BigTable inspired many developers to write their own implementations of this data model; amongst the most popular are HBase, Hypertable and Cassandra. The lack of a pre-defined schema can make these databases attractive in applications where the attributes of objects are not known in advance, or change frequently.
Document databases have a related data model (although the way they handle concurrency and distributed servers can be quite different): a BigTable row with its arbitrary number of columns/attributes corresponds to a document in a document database, which is typically a tree of objects containing attribute values and lists, often with a mapping to JSON or XML. Open source document databases include Project Voldemort, CouchDB, MongoDB, ThruDB and Jackrabbit.
How is this different from just dumping JSON strings into MySQL? Document databases can actually work with the structure of the documents, for example extracting, indexing, aggregating and filtering based on attribute values within the documents. Alternatively you could of course build the attribute indexing yourself, but I wouldn’t recommend that unless it makes working with your legacy code easier.
The big limitation of BigTables and document databases is that most implementations cannot perform joins or transactions spanning several rows or documents. This restriction is deliberate, because it allows the database to do automatic partitioning, which can be important for scaling — see the section on distributed key-value stores below. If the structure of your data is lots of independent documents, this is not a problem — but if your data fits nicely into a relational model and you need joins, please don’t try to force it into a document model.
Are you ready to start learning?
Learning with Treehouse for only 30 minutes a day can teach you the skills needed to land the job that you’ve been dreaming about.
Graph databases
Graph databases live at the opposite end of the spectrum. While document databases are good for storing data which is structured in the form of lots of independent documents, graph databases focus on the relationships between items — a better fit for highly interconnected data models.
Standard SQL cannot query transitive relationships, i.e. variable-length chains of joins which continue until some condition is reached. Graph databases, on the other hand, are optimised precisely for this kind of data. Look out for these symptoms indicating that your data would better fit into a graph model:
- you find yourself writing long chains of joins (join table A to B, B to C, C to D) in your queries;
- you are writing loops of queries in your application in order to follow a chain of relationships (particularly when you don’t know in advance how long that chain is going to be);
- you have lots of many-to-many joins or tree-like data structures;
- your data is already in a graph form (e.g. information about who is friends with whom in a social network).

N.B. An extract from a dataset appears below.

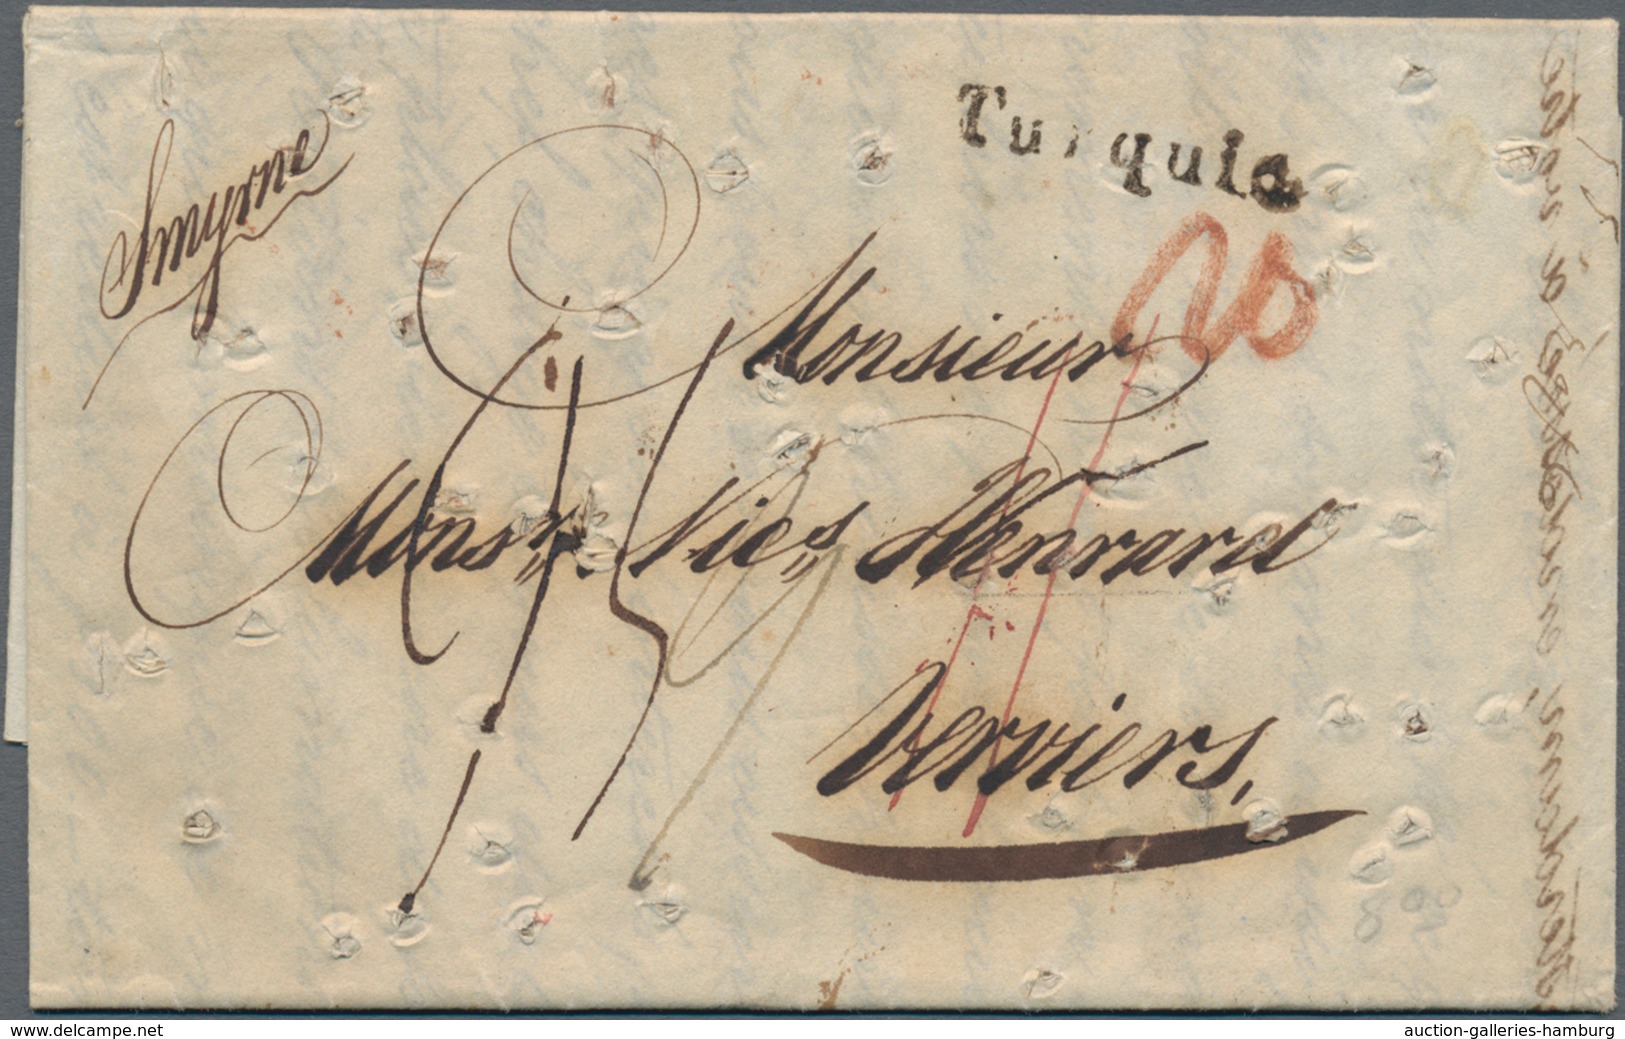 Türkei - Vorphilatelie: 1830, Folded Letter From Smyrna With L1 "Turquia" To Verviers With Red Handw - ...-1858 Prefilatelia

There is less choice in graph databases than there is in document databases: Neo4j, AllegroGraph and Sesame (which typically uses MySQL or PostgreSQL as storage back-end) are ones to look at. FreeBase and DirectedEdge have developed graph databases for their internal use.
Graph databases are often associated with the semantic web and RDF datastores, which is one of the applications they are used for. I actually believe that many other applications’ data would also be well represented in graphs. However, as before, don’t try to force data into a graph if it fits better into tables or documents.
MapReduce
Going on a slight tangent: if background batch processing is your problem and you are not aware of the MapReduce model, you should be. Popularised by another Google paper, MapReduce is a way of writing batch processing jobs without having to worry about infrastructure. Different databases lend themselves more or less well to MapReduce — something to keep in mind when choosing a database to fit your needs.

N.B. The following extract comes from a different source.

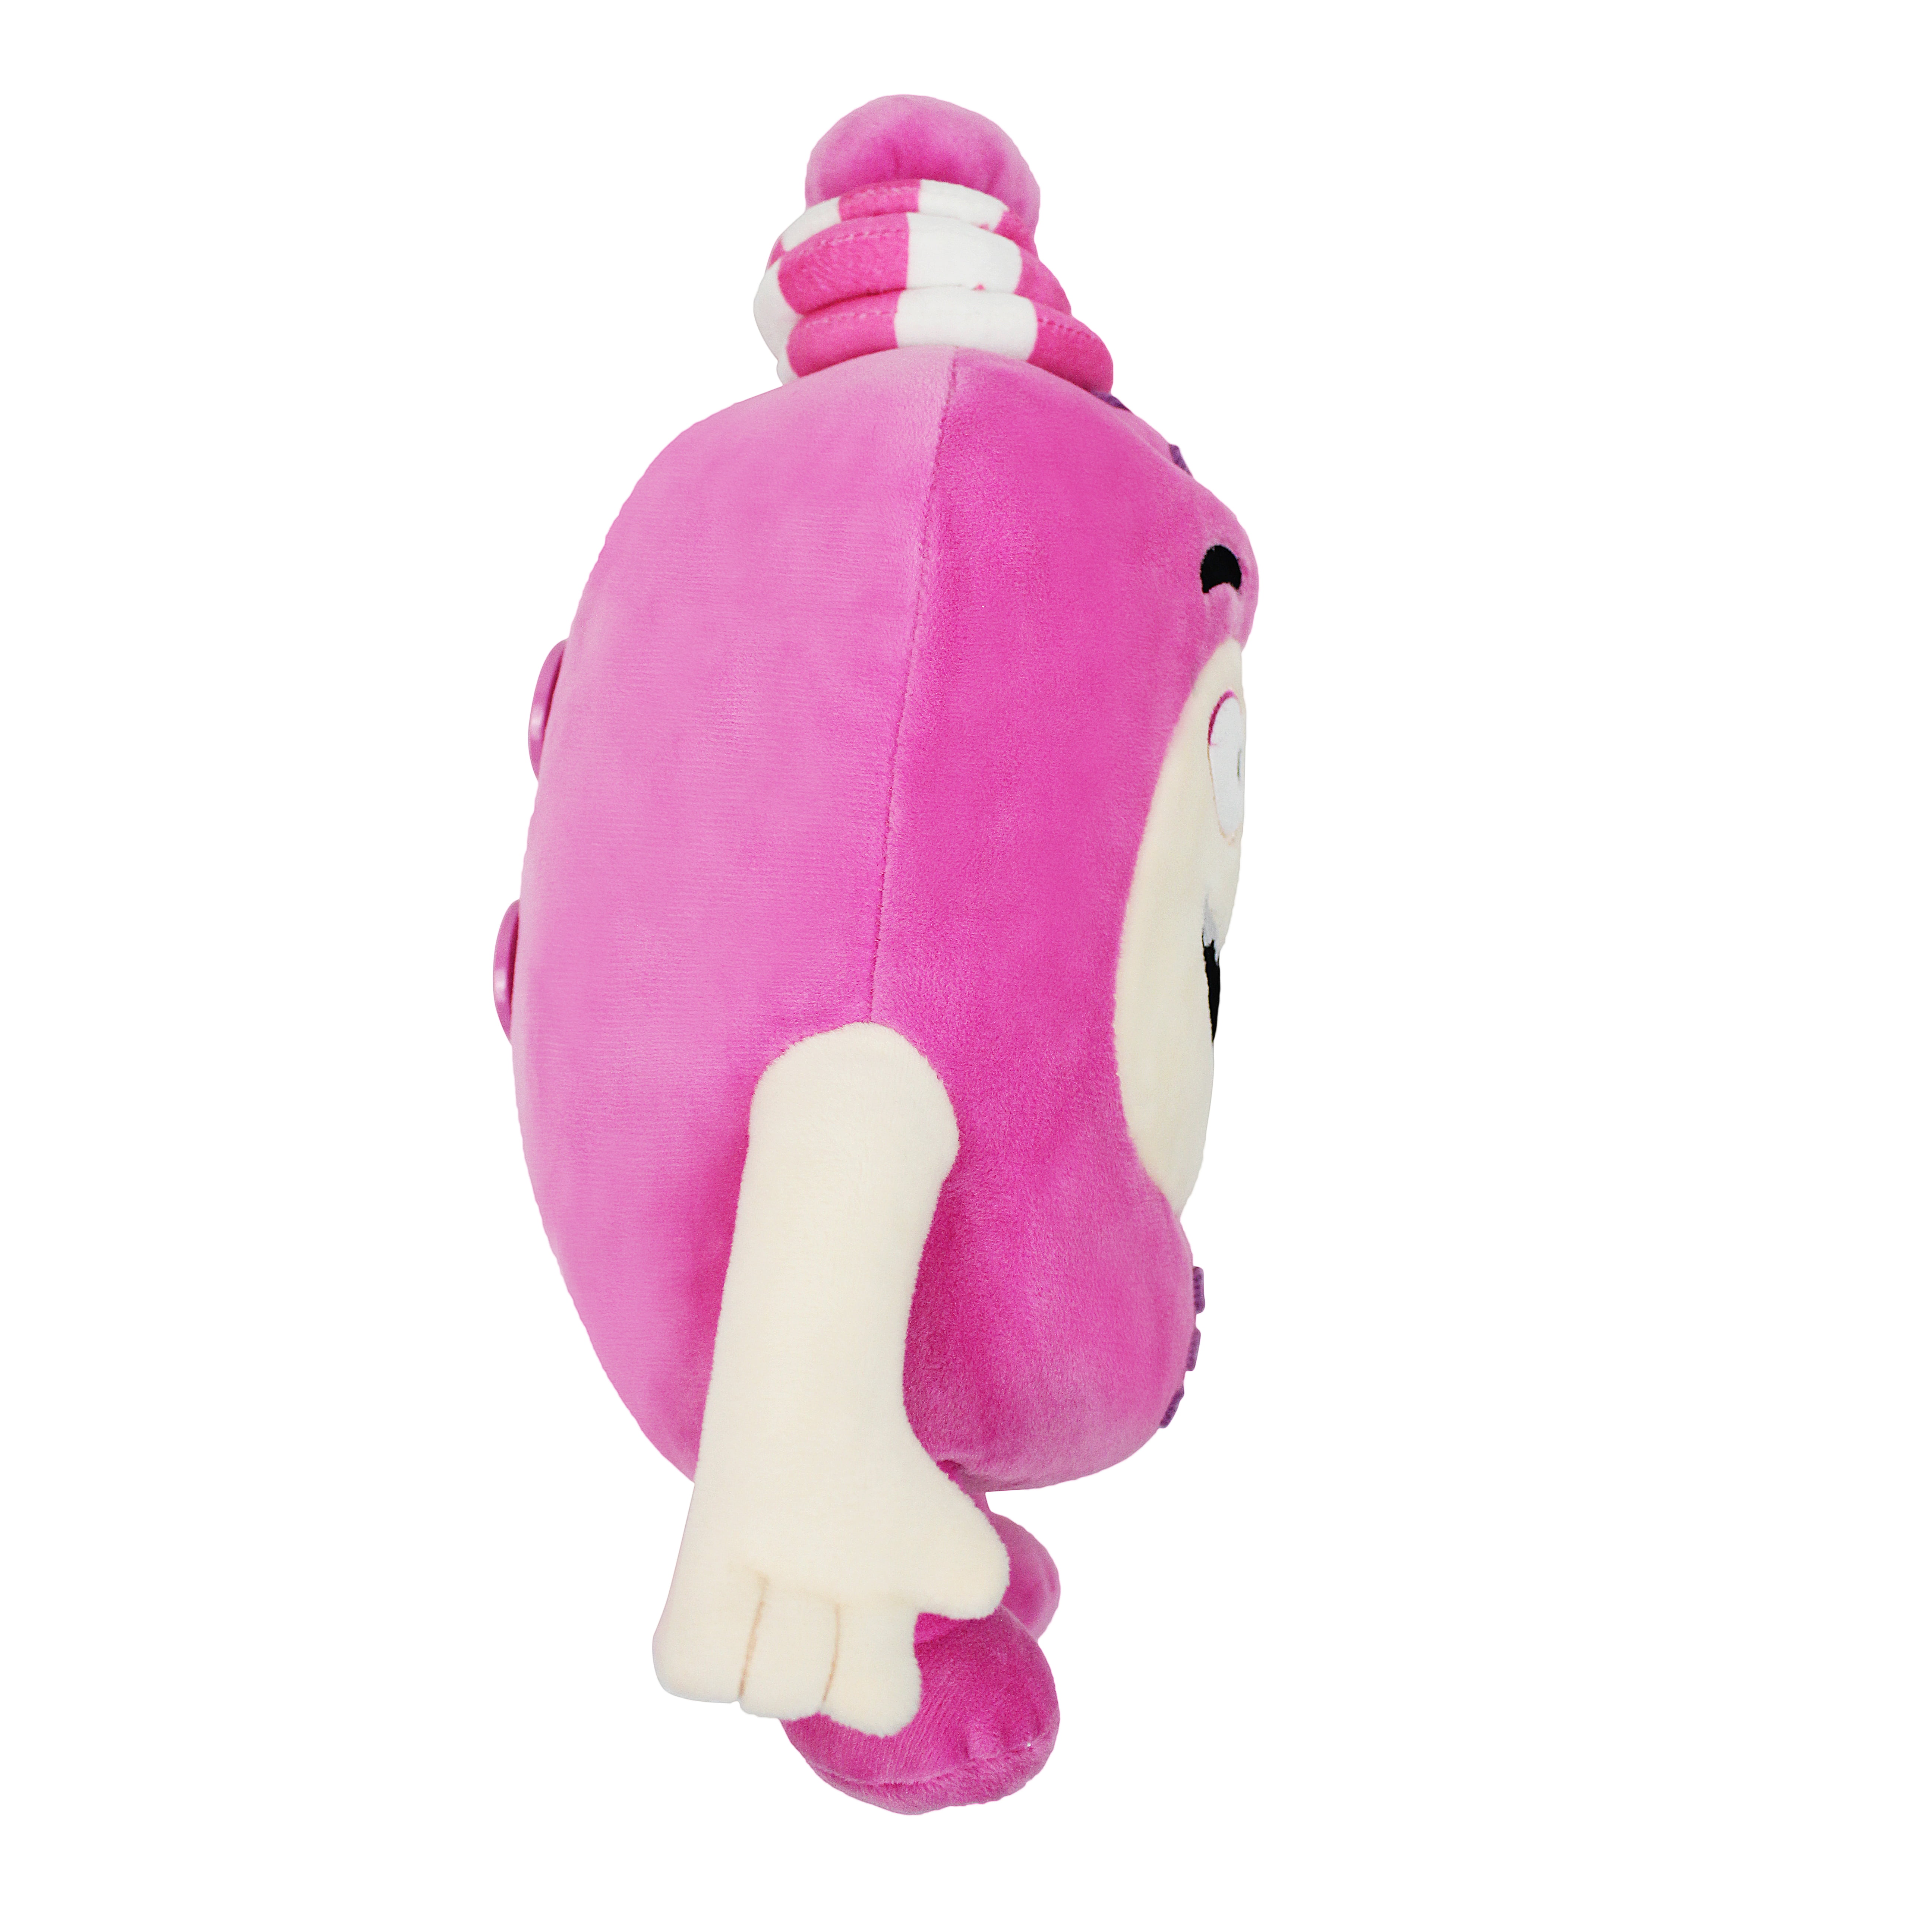 Oddbods NEWT Plush Soft Toy 12 cm5'' Brand New

Hadoop is the big one amongst the open MapReduce implementations, and Skynet and Disco are also worth looking at. CouchDB also includes some MapReduce ideas on a smaller scale.
Distributed key-value stores
A key-value store is a very simple concept, much like a hash table: you can retrieve an item based on its key, you can insert a key/value pair, and you can delete a key/value pair. The value can just be an opaque list of bytes, or might be a structured document (most of the document databases and BigTable implementations above can also be considered to be key-value stores).
Document databases, graph databases and MapReduce introduce new data models and new ways of thinking which can be useful even in a small-scale application; you don’t need to be Google or Facebook to benefit from them. Distributed key-value stores, on the other hand, are really just about scalability. They can scale to truly vast amounts of data — much more than a single server could hold.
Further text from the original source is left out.